(Beginning of RECORDED INFORMATION)
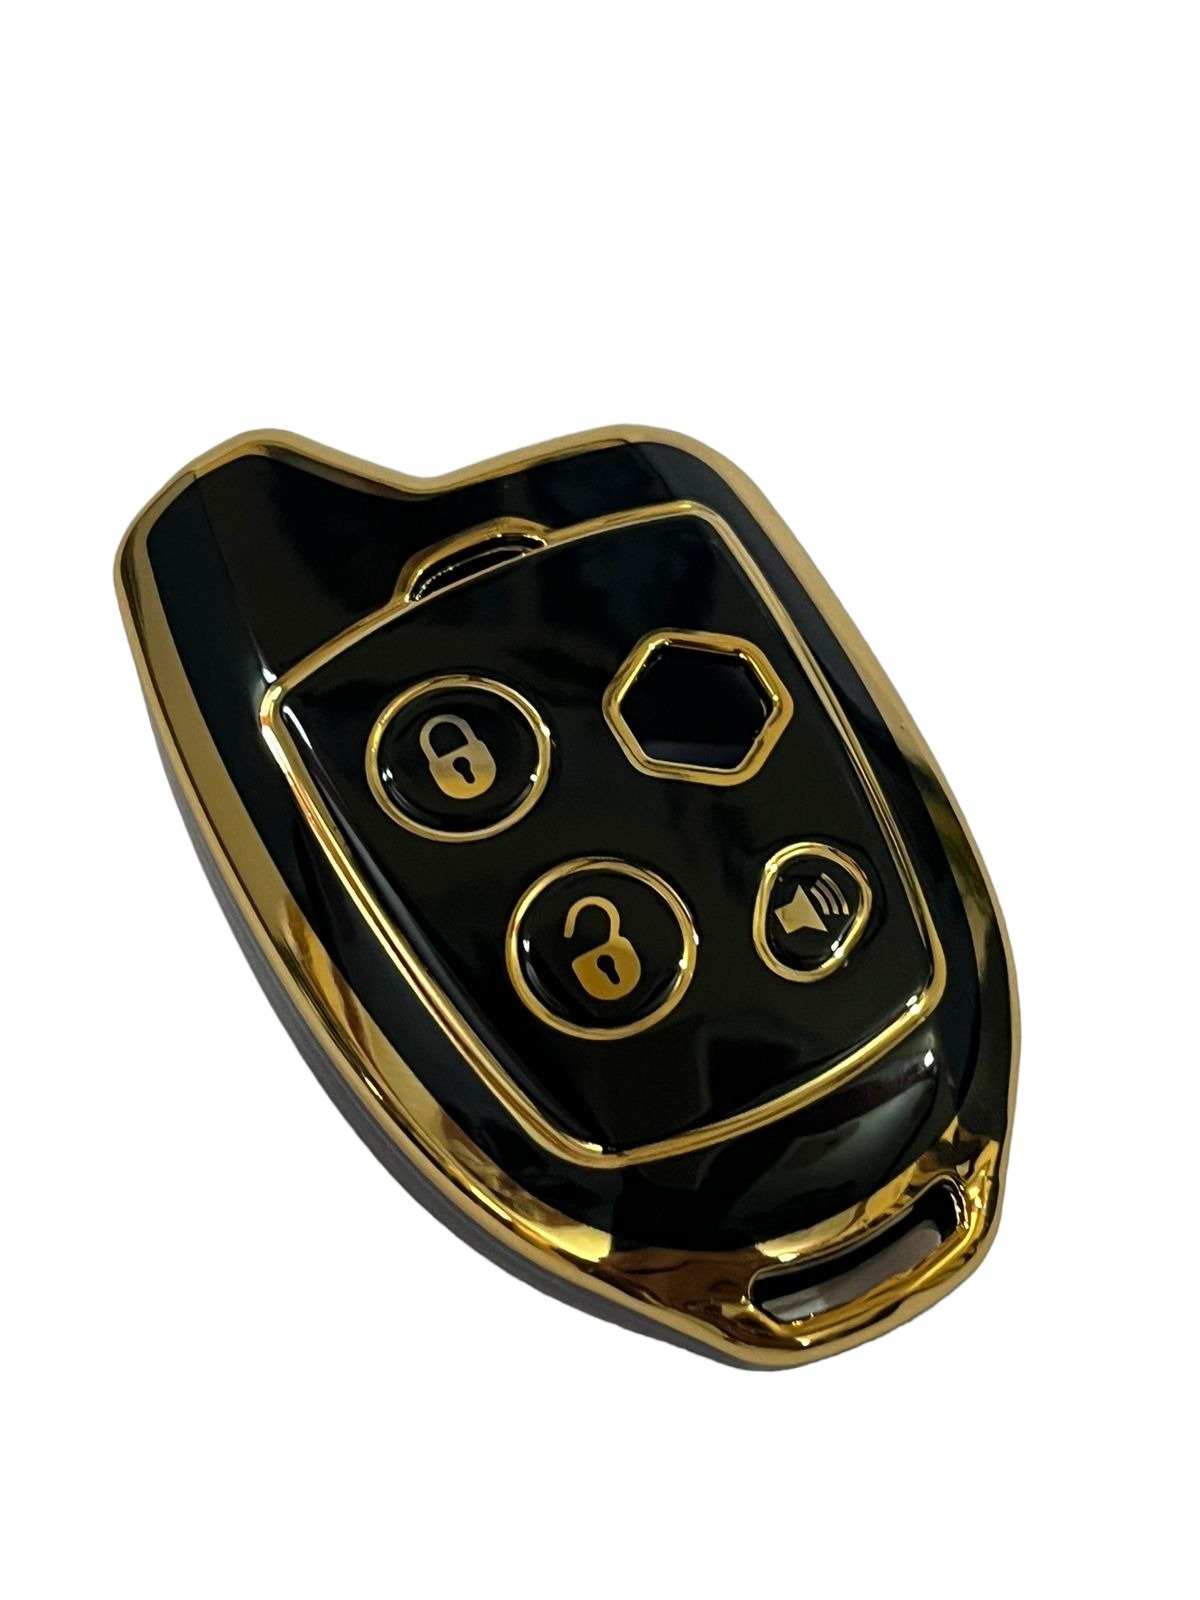 TPU Key Cover Compatible For Swift,Dzire Ritz WagonR S-Cross, Ertiga, Astar, Ciaz, Celerio, WagonR, Baleno, Scross, Vitara Brezza, Baleno BS6 2020 with Nippon Remote (Gold/Black) Image 
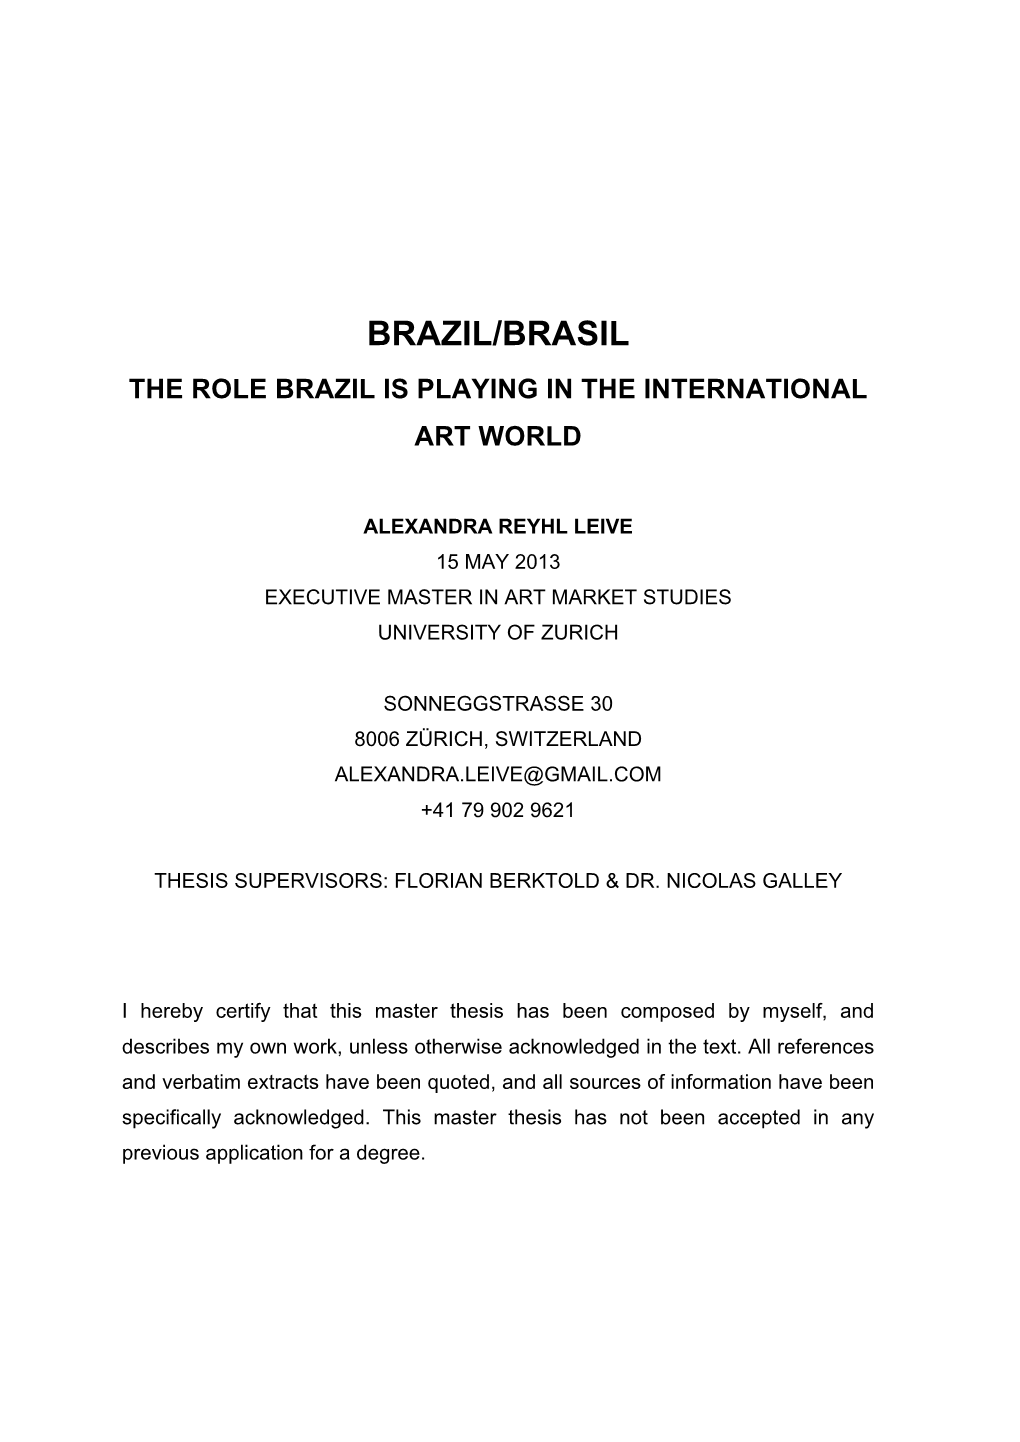 Brazil/Brasil the Role Brazil Is Playing in the International Art World
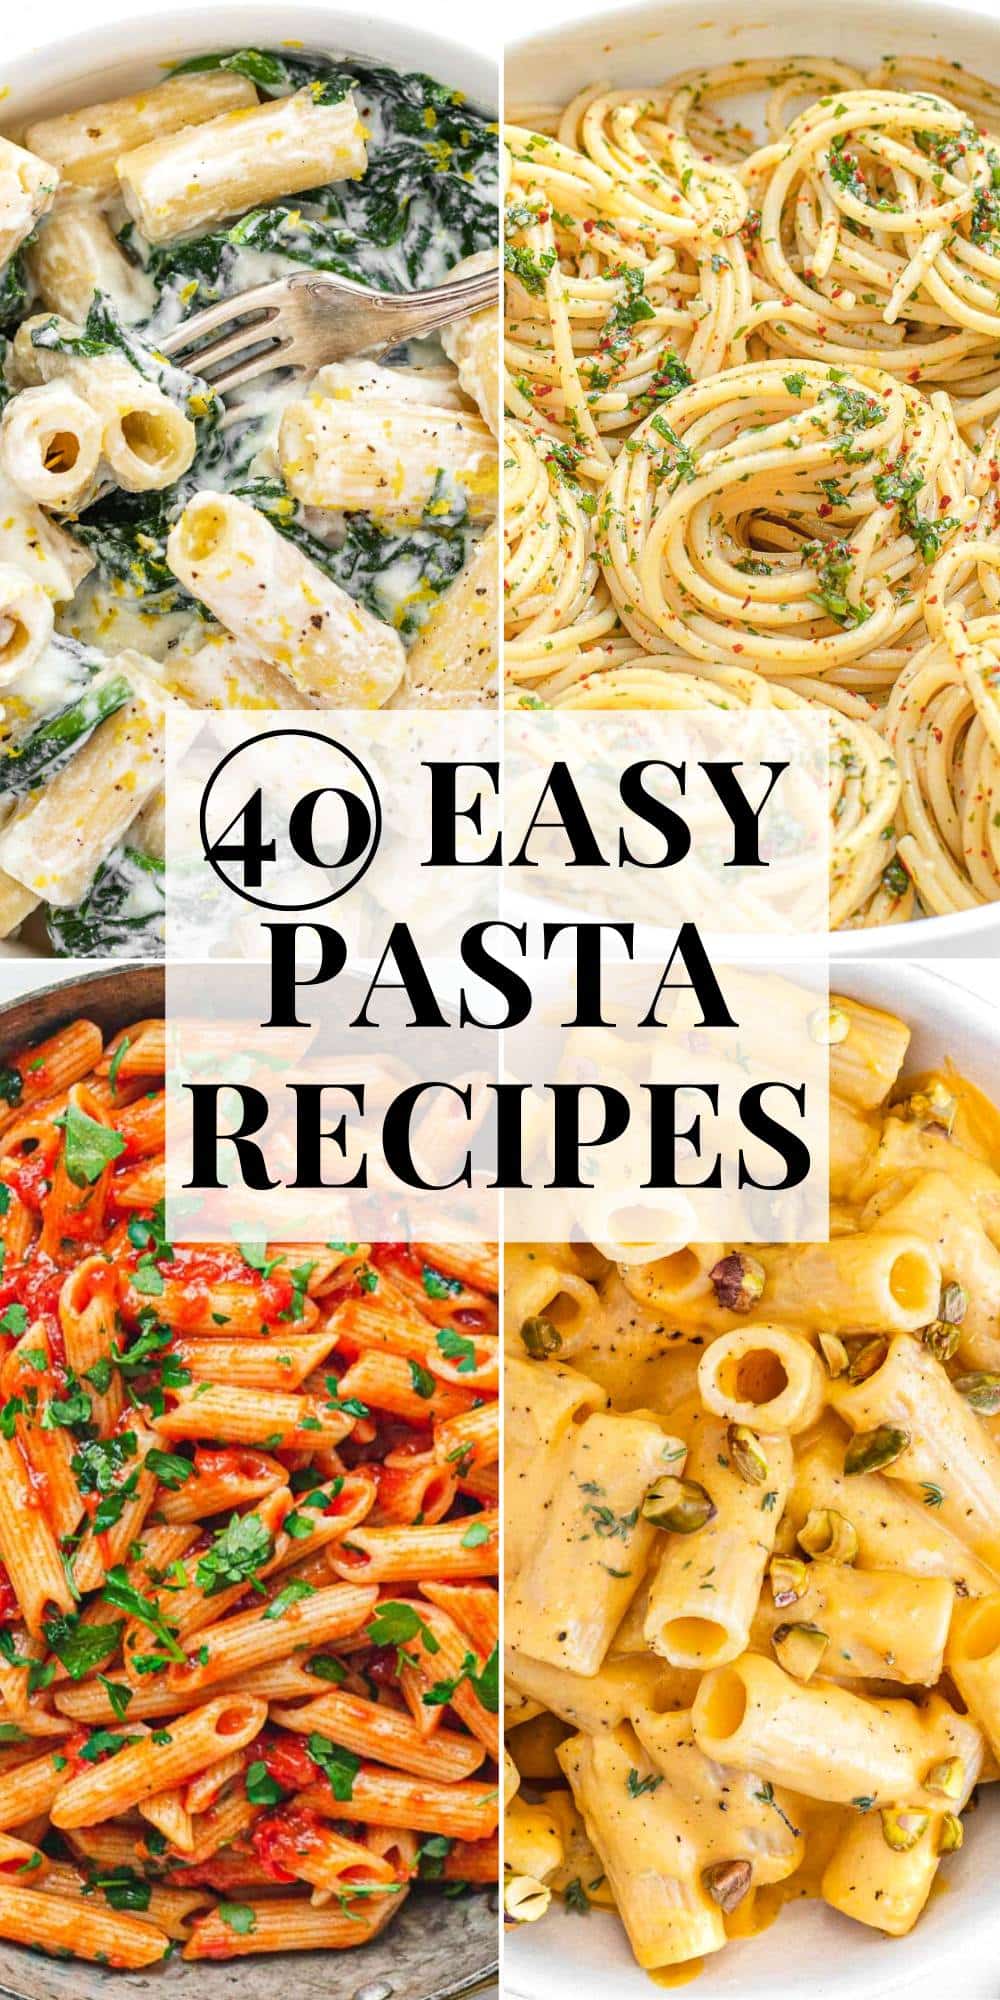 40 Easy Pasta Recipes - The Plant Based School
(End of RECORDED INFORMATION)
INSTRUCTIONS FOR THE TASK: Return all of the lines above without alteration, minus the pictures.

WRITTEN REPLY:
 TPU Key Cover Compatible For Swift,Dzire Ritz WagonR S-Cross, Ertiga, Astar, Ciaz, Celerio, WagonR, Baleno, Scross, Vitara Brezza, Baleno BS6 2020 with Nippon Remote (Gold/Black) Image 
 Brazil/Brasil the Role Brazil Is Playing in the International Art World
 40 Easy Pasta Recipes - The Plant Based School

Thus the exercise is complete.